I struggle for words with this one, not because it’s hard to say things about this person, but because it’s hard to ever feel like you’ve said enough. I hope that you will read these words not as a vendetta for any particular view of the world, but rather an honoring of a man who has walked through hard things with the best of attitudes. Before he sat down with me over lunch, I knew enough to know he should be written about. This was far from our first conversation, but what I heard in that one moment solidified for me this man’s status as a true secret person. This is his story.
When we sat down, he was in the middle of a hunt for a job, and had just had an interview. I knew enough to infer from our conversation that if he didn’t find a job soon, he’d be in a lot of trouble. When I asked about it, he smiled as he replied by telling a few stories of the past, how he’d been more than once very near being kicked out of his home, but that God always provided for him in times of need. That seems to be the story of some, always living on the line between provision and poverty because of factors beyond their control, always needing to trust that everything will work out in the end; and it does.
He grew up outside a city and moved around a little. As a kid, like so many of us, he was willfully ignorant of any problems in his little world, too busy enjoying and hoping for the good stuff of life. He was too ignorant to see the tension in his family cause by his father. It wasn’t until later that he realized that the many houses he would sit and wait while his father was in the other room were not “visits to friends” and a sign of a deeper problem. Although his mother knew what was going on, it took many years for her to be willing to break up their family. She knew that her quiet suffering was worth keeping her children happy and her family together. Divorce came along later in life after he was older and thus wise enough to see his deepest source of paternal guidance as both a good father and deeply broken man.
A technician his father worked with taught him the trade during the summers on different jobs. He learned enough to get a job right out of high school at a local college where he met and fell in love with a beautiful young woman. As he was preparing for marriage he earned a trade school degree, saved up money for a deposit on a house, and bought a ring. It was well after engagement, and nearing the wedding day when she called it off. She wasn’t ready to trust someone completely; he had given her everything he had.
He had to leave. He let his trade take him around the country and he jumped from city to city for a number of years, trying to forget the pain that he’d left behind.
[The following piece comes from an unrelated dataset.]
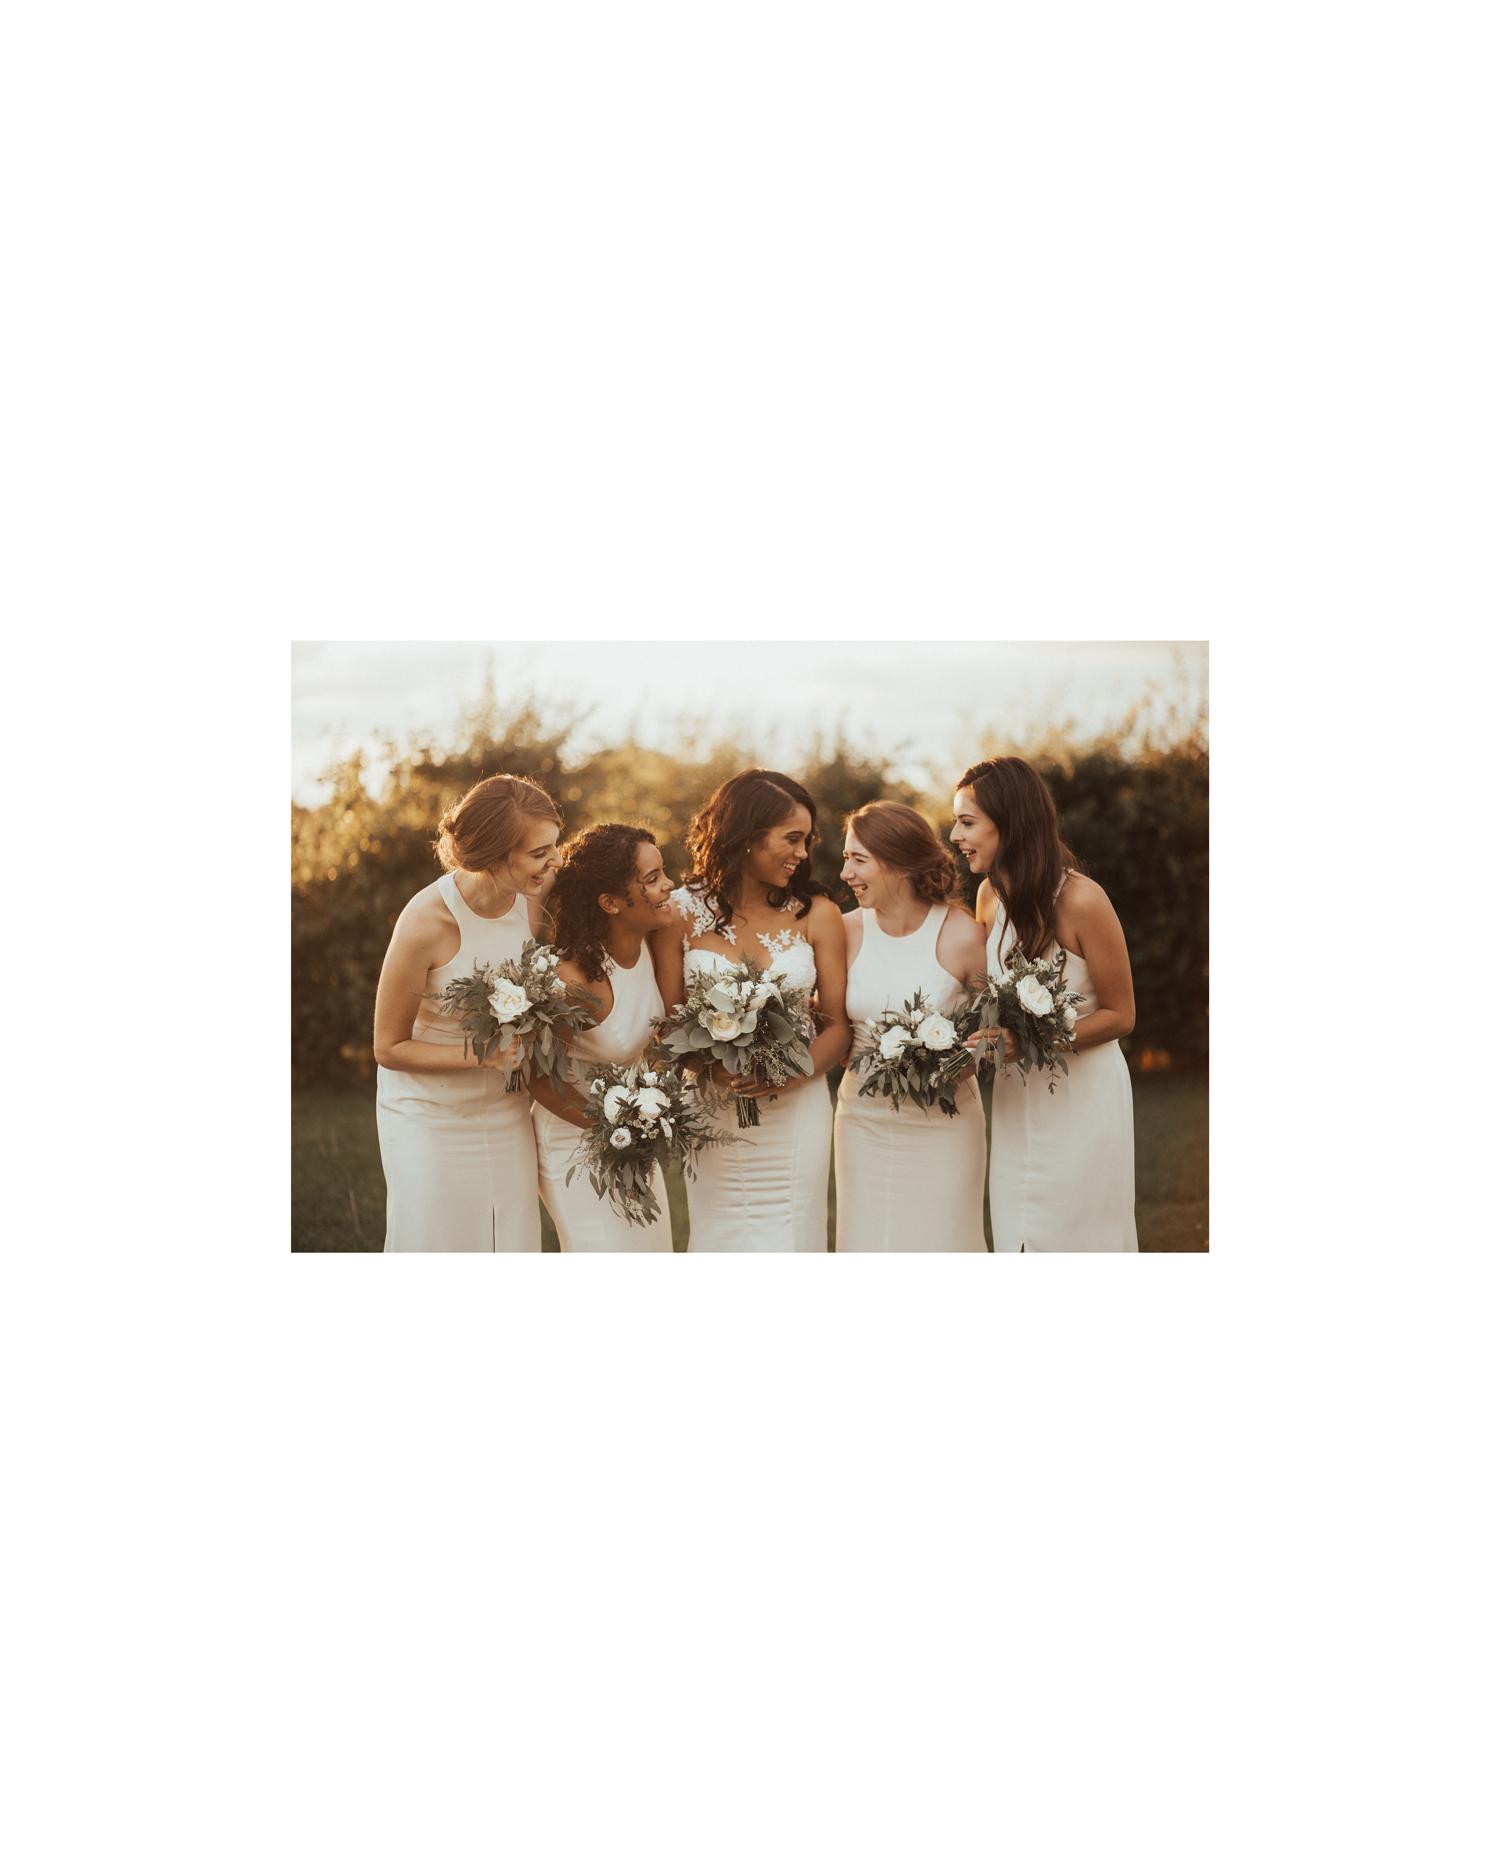 white bridesmaid dresses nataly j photography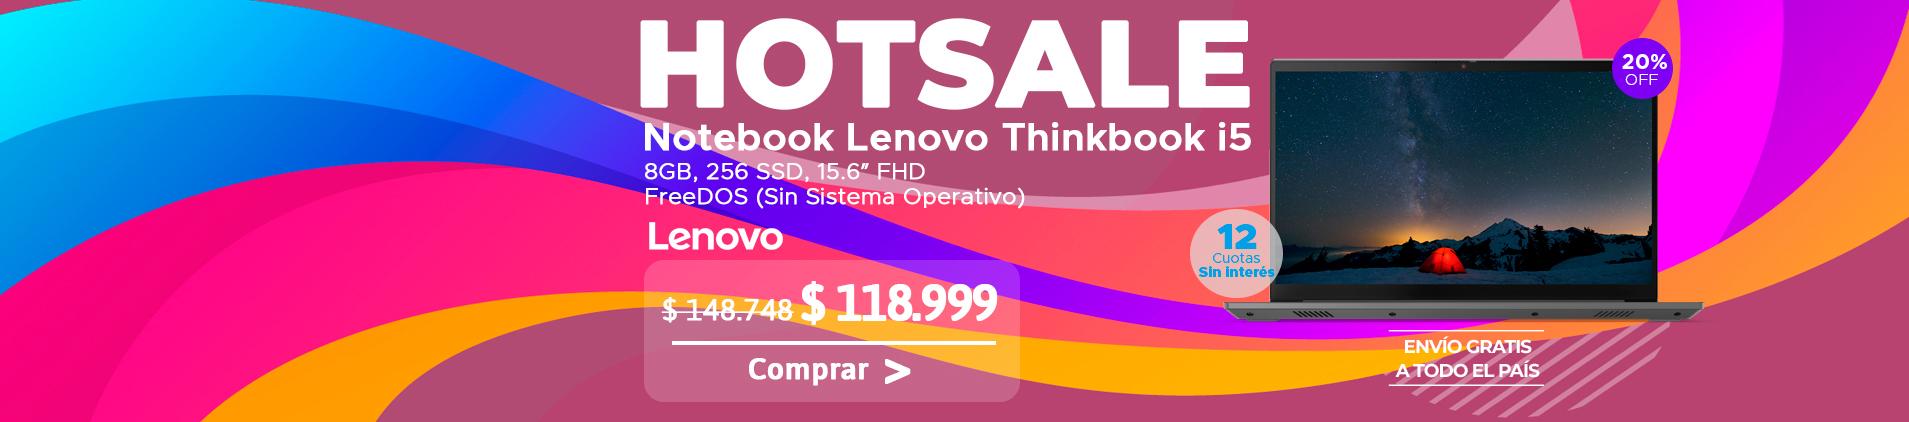 Notebook Lenovo Thinkbook i5

But he couldn’t run away from the past forever, and eventually he began to feel a pull back toward home. “I came back,” he told me, “because I realized that all I was doing with my life was running away from my problems. I was searching for a community of faith like I had at home.” So he came back, hoping that a return to the place he knew would bring peace and direction along with the inevitable pain.
When he returned home, he sought out first a new vocational path. He felt God calling him to become a missionary overseas and so he began the process of making that vocational transition. In preparation for leaving for overseas, he left his job, but a series of situations that were impossible to predict meant that he remained underemployed for almost 2 years. It was during that time that he missed a couple house payments, and lived on little more than ramen. He almost made it overseas a few times but he kept getting hung up by lack of funds and once an issue with a slow arriving passport that made him miss a trip entirely.
After a long time of living this way, he found a job, only to be laid off again about a year later. That’s where I met him that afternoon, and there were were, sitting there together, back to this place he had been so many times before, with many questions about vocation, a want for resources, and pain in the dreams of the future that had yet to be. And yet, he sat there smiling. Because he’s always smiling, always joyful, always glad to see you, always excited for your successes and encouraging you through your failures. You could have a hundred conversations with him and never know about the pain in his childhood, or his difficult vocational journey because you’d never assume that under his smile could be anything akin to what he’s been through. I asked him about it, why he had this smile, and why it had become such a defining feature. A big part of it, he said, was “genetics”. His father and grandfather (he showed me a picture) have the same big smile that he does. Very photogenic, very kind in the eyes, very courteous in attitude. But unlike his father, he struggles with what he calls “a crippling introversion”. Everything inside of him tells him to stay home, to shy away, and to avoid others, but there is another force at work that brings the smile to the front. “God’s grace,” he says, “keeps the smile on. How could I accept the reality that my worst parts had been forgiven and not smile about it?” he asks me.
I found out a few days after our conversation that he got the job he was interviewing for. It’s an incredible opportunity for him and will set him up for a new vision of missions that he has for this upcoming year, a move into community in the inner city, helping to revitalize a neighborhood in need. I asked him where he thought he’d be in 5 years, because I always want to know people’s thoughts and perceptions about themselves. Where he’ll be then, to me, is irrelevant because the thing about him that’s best has nothing to do with what he does, and the same is true with every secret person we’ve discussed here, or will ever discuss. It’s his character that makes him stand out, its his smile that I know will still be around in 5 years that makes me so happy for him, it’s the impact that I know that he will have on yet another community once he moves that makes me look across the table at him and smile back.